Automotive News reported that forecasters say U.S. new-vehicle sales likely jumped 10 percent for the month, bringing the total for 2014 to 16.5 million, beating even the most optimistic projections from early in the year. Most forecasters are calling for U.S. light-vehicle sales to hit 17 million in 2015, a threshold the industry hasn’t since seen 2001.

“What a way to close out this blockbuster year for the industry,” John Krafcik, president of TrueCar, said in a statement. “With the strongest demand in a decade, gains in highly profitable segments and modest incentive growth, automakers should be grinning as they close the books this year.”

Automakers still have until Friday, Jan. 2, to complete sales transactions that count toward 2014. They’ll report December sales on Monday, Jan. 5.
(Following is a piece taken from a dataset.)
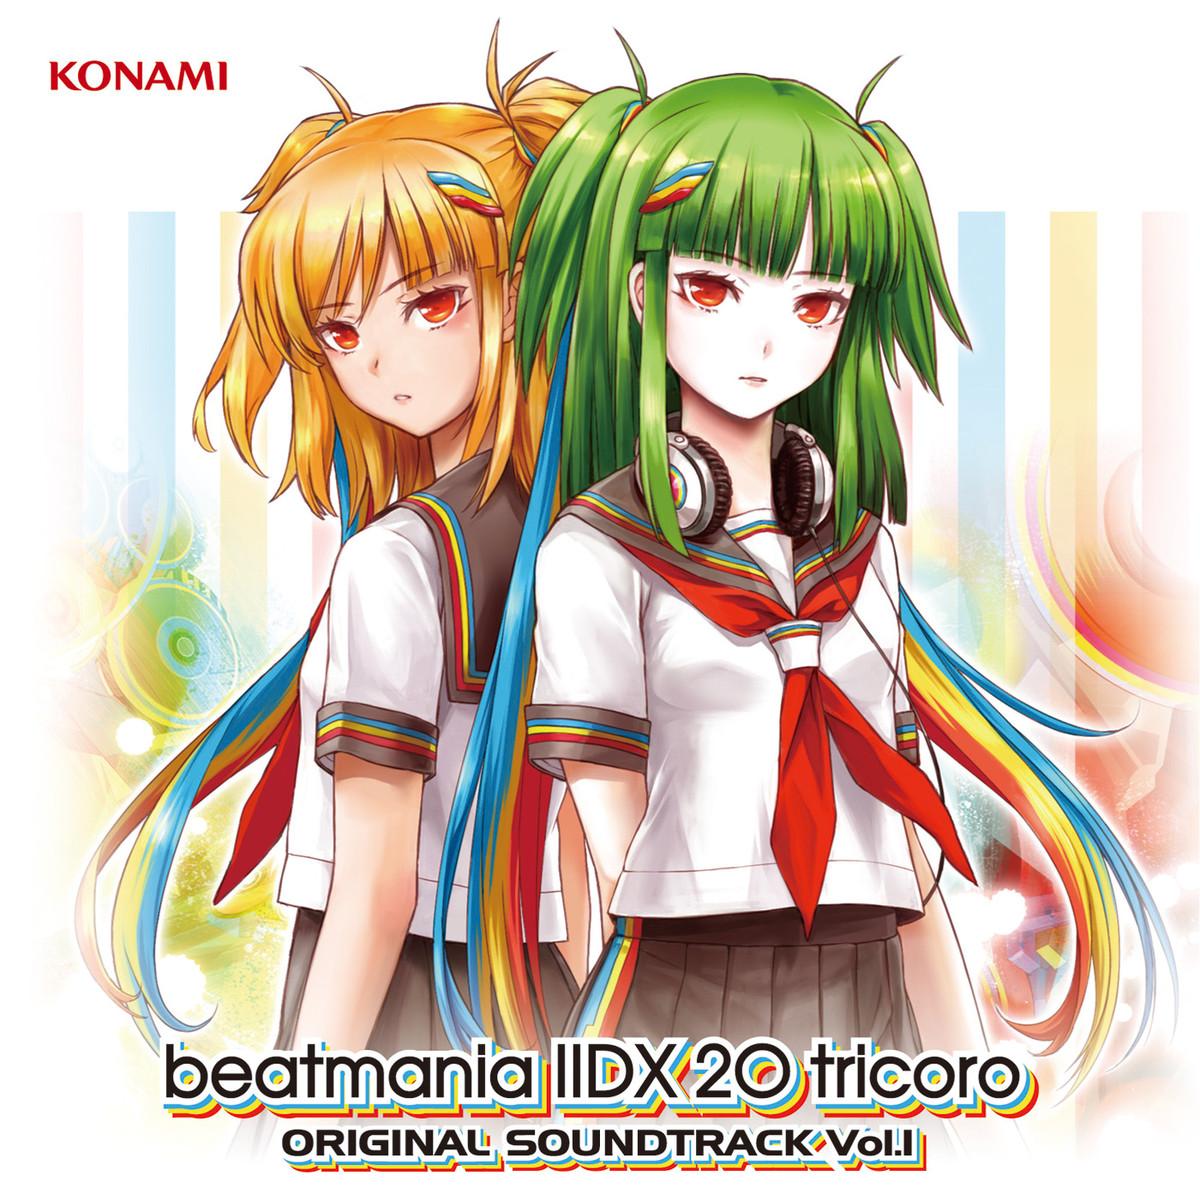 beatmania IIDX 20 tricoro ORIGINAL SOUNDTRAC..

Forecasts from TrueCar, Kelley Blue Book, Cars.com and LMC Automotive estimate December volume at 1.49 million to 1.51 million units, or 10% to 11% more than a year ago. Anything in that range would represent the industry’s best December since 2004 and second best ever. That translates to a seasonally adjusted annualized selling rate of 16.7 million to 16.9 million, up from 15.5 million in December 2013 but down from November’s rate of 17.2 million.

Through November, automakers had sold 15,023,111 light vehicles this year, up 6 percent from first 11 months of 2013.